After our meal, Nelson tells us it's almost a rite of passage to jump from a small pier at the island, which I do with joy (several times). Good times are hard to avoid around here. 


A short boat ride from JFK, Mbabanga is a village where Micronesian and Melanesian cultures meet. Here, you'll find villagers sweeping in stilted homes of wood and thatch, children playing or bathing in the salty sea and a small school.


At the centre of the village stands a modest church. If you come around Mass times, you can even listen to some sweet gospel hymns. Just be prepared to be smiled at. A lot. 


Another trip, and one which can be done on the same day as the triangular tour, is a visit to Njari Island.


The white sands at Njari could be a drawcard in themselves, but the isle's real appeal, like many things in Gizo, lies in its water.
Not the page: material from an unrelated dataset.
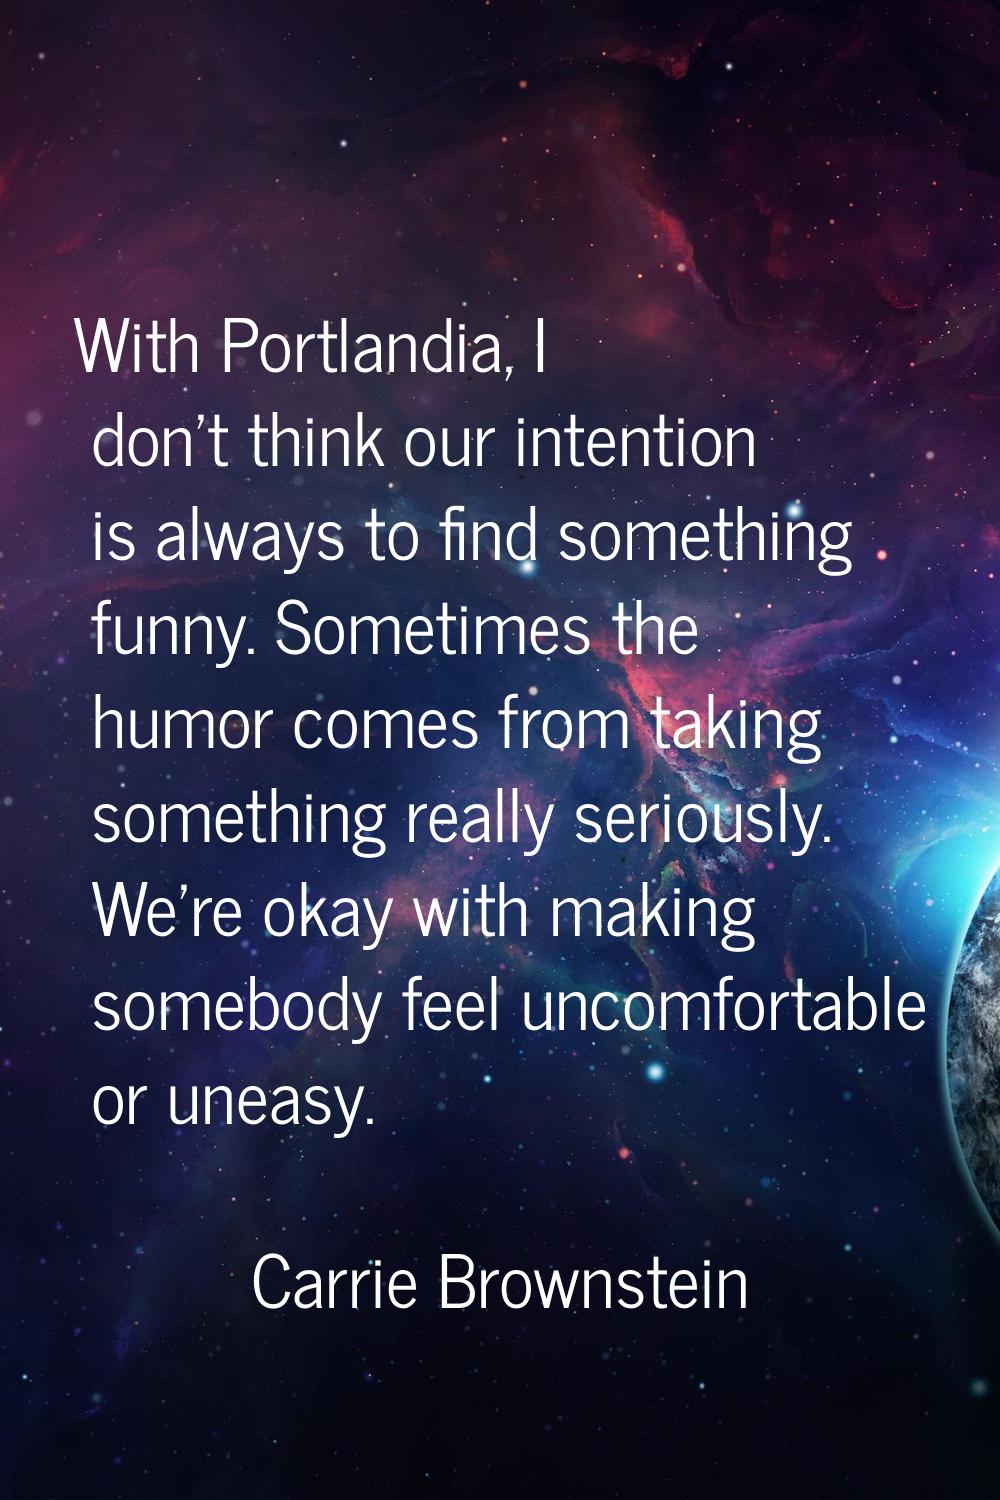 With Portlandia, I don't think our intention is always to find something funny. Sometimes the humor

Wade out into the bright blue, and you'll be rewarded with some of the best snorkelling you're likely to do anywhere in the world (and I say that as someone who's snorkelled in a lot of places). 


Island hopping


Here, you can swim among colourful coral all by yourself; and there's no bleaching, as evidenced by the magnificent yellows and pinks of the reef.


As I snorkel near a point where dazzling colours give way to a deep, dark and almost scary blue, I even spot a few black tip sharks (which by the way are harmless...). 


Not far from where we're swimming, about 50 metres out from shore, we're told of a spot called 'Grand Central Station' where in one dive some 265 different species were said to have been spotted. Swimming here, with visibility this good, I'd believe it too.


Alternatively, you can just sit on a bench, which has been cleverly built over a rusty wreck, watch the water and listen to beautiful birdsong. Strangely, in a place so tranquil, you might even spot a stray bullet on the island, left over from 75 years ago, as our guide does.


Nelson says that every step in the Solomons is like a step into history. Around here, it's also a step into the big blue.


The writer was a guest of Tourism Solomons.